There’s a big difference between your gross income and your net income. Your gross income is the money you earn each month before taxes are removed. Your net income is that same income after taxes are removed.

No surprise, your net monthly income is usually much lower than your gross monthly income.

When it’s time to buy a house, though, which figure should you use when deciding how much home you can afford?

This is an interesting question. When you apply for a mortgage loan, your lender will rely on your gross monthly income to determine how many mortgage dollars to lend to you. This doesn’t mean, though, that you should rely on gross income to determine how much of a house payment you can comfortably afford each month.
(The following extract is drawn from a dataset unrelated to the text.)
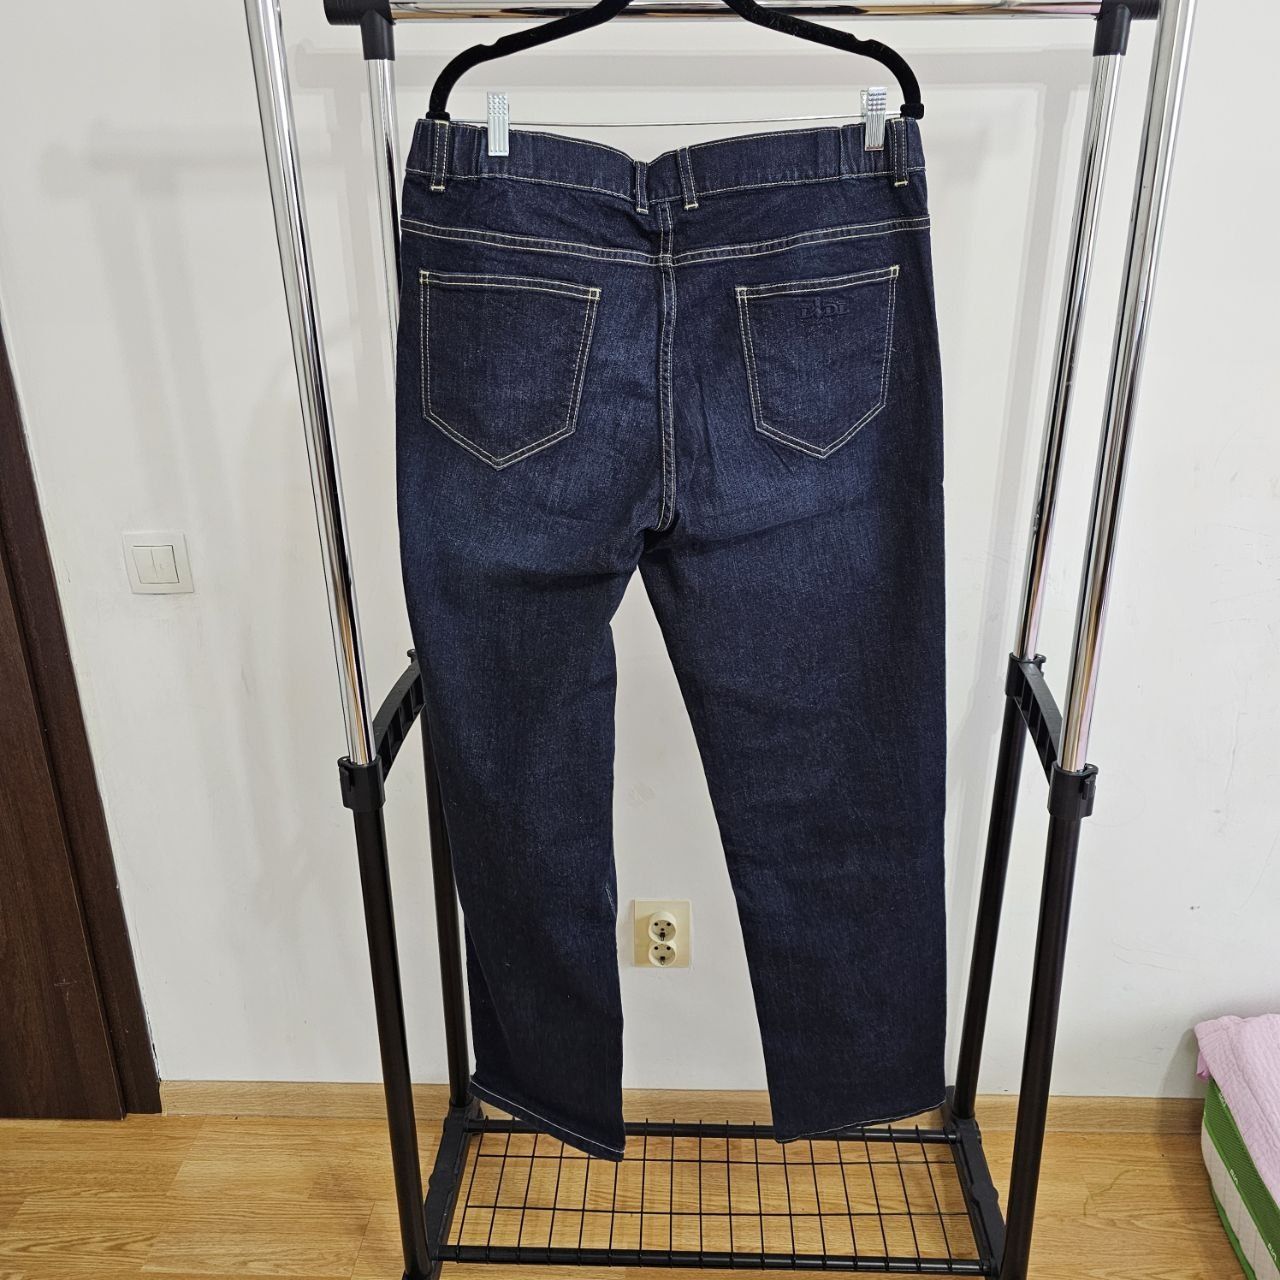 Blugi jeans barbat XL, din 98% bumbac organic și 2 % elastan, Lidl, no

Look at it this way: Your net monthly income is your realistic income. This is how much money you are bringing into your house each month. If you want to make sure that you can afford a monthly mortgage payment of $1,500, $2,000 or $3,000, it’s more realistic to consider how much of your actual take-home pay your mortgage payment will consume each month.

Here’s another tricky matter: Most mortgage lenders today say that your total monthly debt – including your mortgage payment – should total no more than 43 percent of your gross monthly income. Again, that’s your income before taxes are removed.

Are you comfortable with monthly debts that consume that much of your gross monthly income? Maybe. But if you don’t want to struggle each month to pay your mortgage payment – not to mention all your other monthly bills – it makes more sense to look at your net monthly income when determining how much home you can afford.